▶ Exercise brief
Return the lines below exactly, from the first one through the line that has "Research Study Activities Checklist". Leave out everything after it.

▶ Material for this task
■ ■ ■ ■ ■ ■ ■

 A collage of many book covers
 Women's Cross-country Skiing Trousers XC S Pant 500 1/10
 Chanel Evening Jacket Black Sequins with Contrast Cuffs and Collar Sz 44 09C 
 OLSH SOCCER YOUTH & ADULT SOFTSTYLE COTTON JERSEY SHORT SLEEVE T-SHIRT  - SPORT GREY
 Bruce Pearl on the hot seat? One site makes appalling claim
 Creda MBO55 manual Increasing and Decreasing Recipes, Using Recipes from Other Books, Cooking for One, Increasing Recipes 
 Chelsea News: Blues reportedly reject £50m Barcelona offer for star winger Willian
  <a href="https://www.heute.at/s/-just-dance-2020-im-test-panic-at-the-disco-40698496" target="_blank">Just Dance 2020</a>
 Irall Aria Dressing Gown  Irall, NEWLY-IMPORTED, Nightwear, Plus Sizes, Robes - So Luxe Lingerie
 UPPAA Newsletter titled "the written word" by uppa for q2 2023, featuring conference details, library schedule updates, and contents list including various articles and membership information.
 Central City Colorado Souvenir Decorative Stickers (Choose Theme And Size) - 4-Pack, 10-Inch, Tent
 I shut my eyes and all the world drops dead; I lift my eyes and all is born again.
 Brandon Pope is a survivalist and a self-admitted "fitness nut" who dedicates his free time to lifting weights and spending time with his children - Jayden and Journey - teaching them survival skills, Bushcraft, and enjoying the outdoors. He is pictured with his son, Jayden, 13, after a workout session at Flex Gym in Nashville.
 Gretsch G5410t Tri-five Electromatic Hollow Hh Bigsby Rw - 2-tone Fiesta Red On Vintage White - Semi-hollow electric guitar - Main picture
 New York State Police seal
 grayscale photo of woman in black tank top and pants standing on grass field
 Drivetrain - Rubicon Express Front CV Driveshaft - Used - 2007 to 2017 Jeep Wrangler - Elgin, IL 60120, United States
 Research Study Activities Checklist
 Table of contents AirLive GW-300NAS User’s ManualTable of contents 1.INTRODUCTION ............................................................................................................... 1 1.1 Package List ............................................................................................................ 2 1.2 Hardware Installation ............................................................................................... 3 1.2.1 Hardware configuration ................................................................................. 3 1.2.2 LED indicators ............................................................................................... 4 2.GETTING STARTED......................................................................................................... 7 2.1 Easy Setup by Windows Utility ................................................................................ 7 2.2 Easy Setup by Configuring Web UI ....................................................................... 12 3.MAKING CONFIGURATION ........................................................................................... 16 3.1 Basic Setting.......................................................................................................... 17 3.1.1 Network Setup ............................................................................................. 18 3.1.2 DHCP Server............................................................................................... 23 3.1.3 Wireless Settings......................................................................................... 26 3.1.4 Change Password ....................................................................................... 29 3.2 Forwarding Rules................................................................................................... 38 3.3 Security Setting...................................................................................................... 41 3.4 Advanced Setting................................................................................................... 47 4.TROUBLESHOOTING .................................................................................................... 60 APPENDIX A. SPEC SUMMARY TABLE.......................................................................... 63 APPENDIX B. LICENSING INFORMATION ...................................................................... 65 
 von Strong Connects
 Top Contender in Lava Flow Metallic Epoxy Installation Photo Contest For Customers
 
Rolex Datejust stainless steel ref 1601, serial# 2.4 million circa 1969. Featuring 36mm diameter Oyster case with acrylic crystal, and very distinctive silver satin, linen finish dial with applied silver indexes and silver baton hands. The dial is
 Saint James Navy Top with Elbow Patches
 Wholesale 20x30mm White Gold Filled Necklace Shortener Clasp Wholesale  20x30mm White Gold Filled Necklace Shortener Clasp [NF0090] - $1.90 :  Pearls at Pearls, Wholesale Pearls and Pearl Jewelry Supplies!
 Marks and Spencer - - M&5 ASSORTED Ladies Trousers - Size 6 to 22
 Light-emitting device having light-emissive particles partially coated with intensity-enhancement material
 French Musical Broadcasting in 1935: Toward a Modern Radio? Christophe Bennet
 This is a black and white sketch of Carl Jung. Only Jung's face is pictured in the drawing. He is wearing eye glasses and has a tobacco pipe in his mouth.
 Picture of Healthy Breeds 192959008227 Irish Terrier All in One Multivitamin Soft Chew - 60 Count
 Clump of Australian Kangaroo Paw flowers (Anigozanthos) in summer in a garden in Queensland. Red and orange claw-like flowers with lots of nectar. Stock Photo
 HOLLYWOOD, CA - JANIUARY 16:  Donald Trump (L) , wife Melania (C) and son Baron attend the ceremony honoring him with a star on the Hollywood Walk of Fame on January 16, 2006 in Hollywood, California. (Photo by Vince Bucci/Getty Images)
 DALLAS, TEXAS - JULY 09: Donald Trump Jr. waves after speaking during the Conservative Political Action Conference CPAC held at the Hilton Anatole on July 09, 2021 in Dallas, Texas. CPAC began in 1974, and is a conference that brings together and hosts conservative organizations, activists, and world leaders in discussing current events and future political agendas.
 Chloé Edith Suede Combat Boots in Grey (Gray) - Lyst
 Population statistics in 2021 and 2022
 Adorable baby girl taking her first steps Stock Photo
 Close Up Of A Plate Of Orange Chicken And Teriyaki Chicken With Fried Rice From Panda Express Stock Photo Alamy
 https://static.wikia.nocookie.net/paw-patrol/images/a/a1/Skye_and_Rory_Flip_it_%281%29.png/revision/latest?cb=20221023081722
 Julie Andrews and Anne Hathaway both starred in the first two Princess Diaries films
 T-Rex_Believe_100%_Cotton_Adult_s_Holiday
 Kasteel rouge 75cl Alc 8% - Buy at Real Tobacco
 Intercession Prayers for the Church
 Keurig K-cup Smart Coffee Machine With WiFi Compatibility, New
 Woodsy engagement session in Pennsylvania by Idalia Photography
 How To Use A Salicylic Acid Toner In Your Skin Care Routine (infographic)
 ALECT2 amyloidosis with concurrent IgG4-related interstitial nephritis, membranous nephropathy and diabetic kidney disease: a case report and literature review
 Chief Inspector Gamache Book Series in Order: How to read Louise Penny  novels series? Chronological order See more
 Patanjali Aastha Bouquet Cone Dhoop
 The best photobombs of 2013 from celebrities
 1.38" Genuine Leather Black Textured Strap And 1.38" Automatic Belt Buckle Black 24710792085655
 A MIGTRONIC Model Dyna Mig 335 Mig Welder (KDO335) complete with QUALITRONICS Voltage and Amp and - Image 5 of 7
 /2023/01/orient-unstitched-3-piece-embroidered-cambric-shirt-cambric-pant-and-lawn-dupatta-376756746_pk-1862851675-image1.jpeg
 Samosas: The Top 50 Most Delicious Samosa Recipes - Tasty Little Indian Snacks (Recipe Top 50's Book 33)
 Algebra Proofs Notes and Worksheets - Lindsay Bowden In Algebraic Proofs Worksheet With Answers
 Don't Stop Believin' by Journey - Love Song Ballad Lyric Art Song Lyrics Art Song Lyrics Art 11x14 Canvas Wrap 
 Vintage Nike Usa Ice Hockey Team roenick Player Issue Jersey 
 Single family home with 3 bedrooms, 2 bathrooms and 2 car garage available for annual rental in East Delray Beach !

■ ■ ■ ■ ■ ■ ■

▶ Final answer
 A collage of many book covers
 Women's Cross-country Skiing Trousers XC S Pant 500 1/10
 Chanel Evening Jacket Black Sequins with Contrast Cuffs and Collar Sz 44 09C 
 OLSH SOCCER YOUTH & ADULT SOFTSTYLE COTTON JERSEY SHORT SLEEVE T-SHIRT  - SPORT GREY
 Bruce Pearl on the hot seat? One site makes appalling claim
 Creda MBO55 manual Increasing and Decreasing Recipes, Using Recipes from Other Books, Cooking for One, Increasing Recipes 
 Chelsea News: Blues reportedly reject £50m Barcelona offer for star winger Willian
  <a href="https://www.heute.at/s/-just-dance-2020-im-test-panic-at-the-disco-40698496" target="_blank">Just Dance 2020</a>
 Irall Aria Dressing Gown  Irall, NEWLY-IMPORTED, Nightwear, Plus Sizes, Robes - So Luxe Lingerie
 UPPAA Newsletter titled "the written word" by uppa for q2 2023, featuring conference details, library schedule updates, and contents list including various articles and membership information.
 Central City Colorado Souvenir Decorative Stickers (Choose Theme And Size) - 4-Pack, 10-Inch, Tent
 I shut my eyes and all the world drops dead; I lift my eyes and all is born again.
 Brandon Pope is a survivalist and a self-admitted "fitness nut" who dedicates his free time to lifting weights and spending time with his children - Jayden and Journey - teaching them survival skills, Bushcraft, and enjoying the outdoors. He is pictured with his son, Jayden, 13, after a workout session at Flex Gym in Nashville.
 Gretsch G5410t Tri-five Electromatic Hollow Hh Bigsby Rw - 2-tone Fiesta Red On Vintage White - Semi-hollow electric guitar - Main picture
 New York State Police seal
 grayscale photo of woman in black tank top and pants standing on grass field
 Drivetrain - Rubicon Express Front CV Driveshaft - Used - 2007 to 2017 Jeep Wrangler - Elgin, IL 60120, United States
 Research Study Activities Checklist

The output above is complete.